No foul play is suspected in woman's death in India Metairie 21-year-old apparently fell off roof of Buddhist center
TIMES-PICAYUNE, Saturday, March 25, 2006

A 21-year-old Metairie woman who died earlier this month while participating in an overseas study program in India fell 30 feet to her death from a rooftop meditation site at a Buddhist retreat center, her father said Friday.

The conclusions of Stephen Conroy, along with Jefferson Parish and Indian coroners' reports, dismiss any suspicions of foul play in the death of Ashley Conroy, a 2003 graduate of St. Martin's Episcopal School in Metairie and a junior at the College of Charleston in South Carolina.

Conroy sustained blunt trauma to the head and a severed neck, along with severe knee damage, after falling from the roof of a three-story residential building, her father said. The accident occurred March 11 around 4 a.m. at the Root Institute, a major Buddhist center in Bodhgaya.
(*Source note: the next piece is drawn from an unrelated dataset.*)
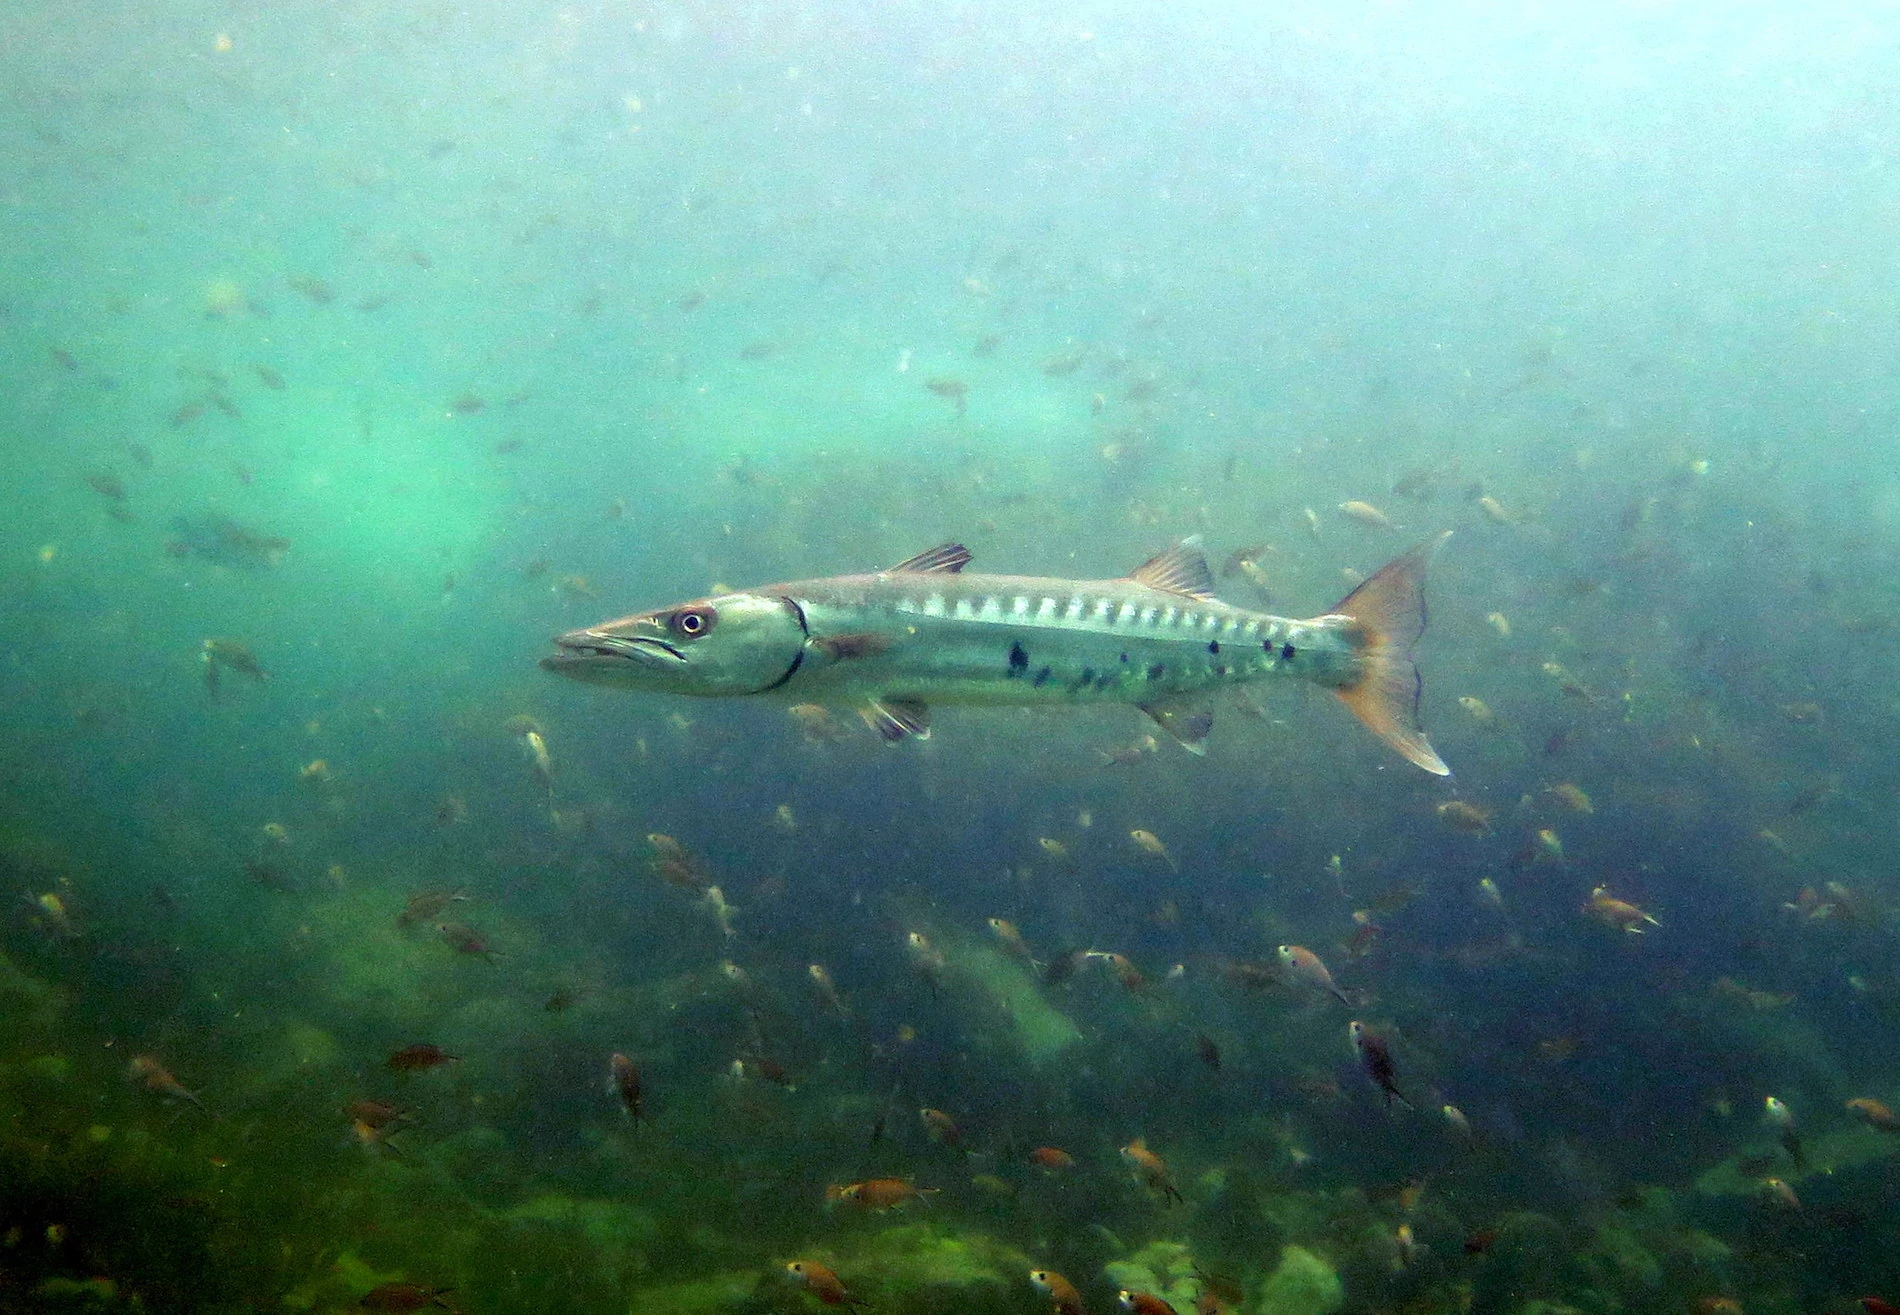 atmospheric shot of a barracuda

Stephen Conroy, a lawyer, blamed the accident on negligence, saying the flat roof where guests typically go to meditate or take in the scenery did not have protective railing or lighting. He said his daughter apparently fell when she walked too close to the edge on her way to the staircase.

"They encourage people to go up on the roof, and it's a lousy roof design," said Conroy, who traveled to India last week with the dead woman's mother, Cynthia Schmidt.

With assistance from U.S. Rep. Bobby Jindal, R-Kenner, who is of Indian heritage, the Indian Parliament and the U.S. Embassy in New Delhi, Conroy and Schmidt were able to visit the site, meet with Indian authorities and Root Institute officials and interview other participants in the study program, run by the U.S.-based Pacific Village Institute.

"I wanted to eliminate any possibility of foul play," Conroy said, adding that he and Schmidt are satisfied that their daughter's death was an accident. "There was no foul play other than a horribly designed roof situation that needs to be corrected."

Conroy said he does not plan to take legal action against the Root Institute as long as it installs adequate railings and lighting and blocks access to the roof until that work is completed. He said the insitute has agreed to do the work, and to erect a small memorial in his daughter's name.

The Conroy and Schmidt families, along with Pacific Village, have established the Ashley Soule Conroy Foundation to provide scholarships to highly qualified students who wish to study in India or other foreign countries. Donations may be sent in care of Paul Navarro to The Ashley Soule Conroy Foundation, c/o AmSouth Bank, 3525 N. Causeway Blvd., Metairie,La. 70002 or to the Foundation located at Three Lakeway Center,3838 N. Causeway Blvd., Suite 3130, Metairie,La.,70002.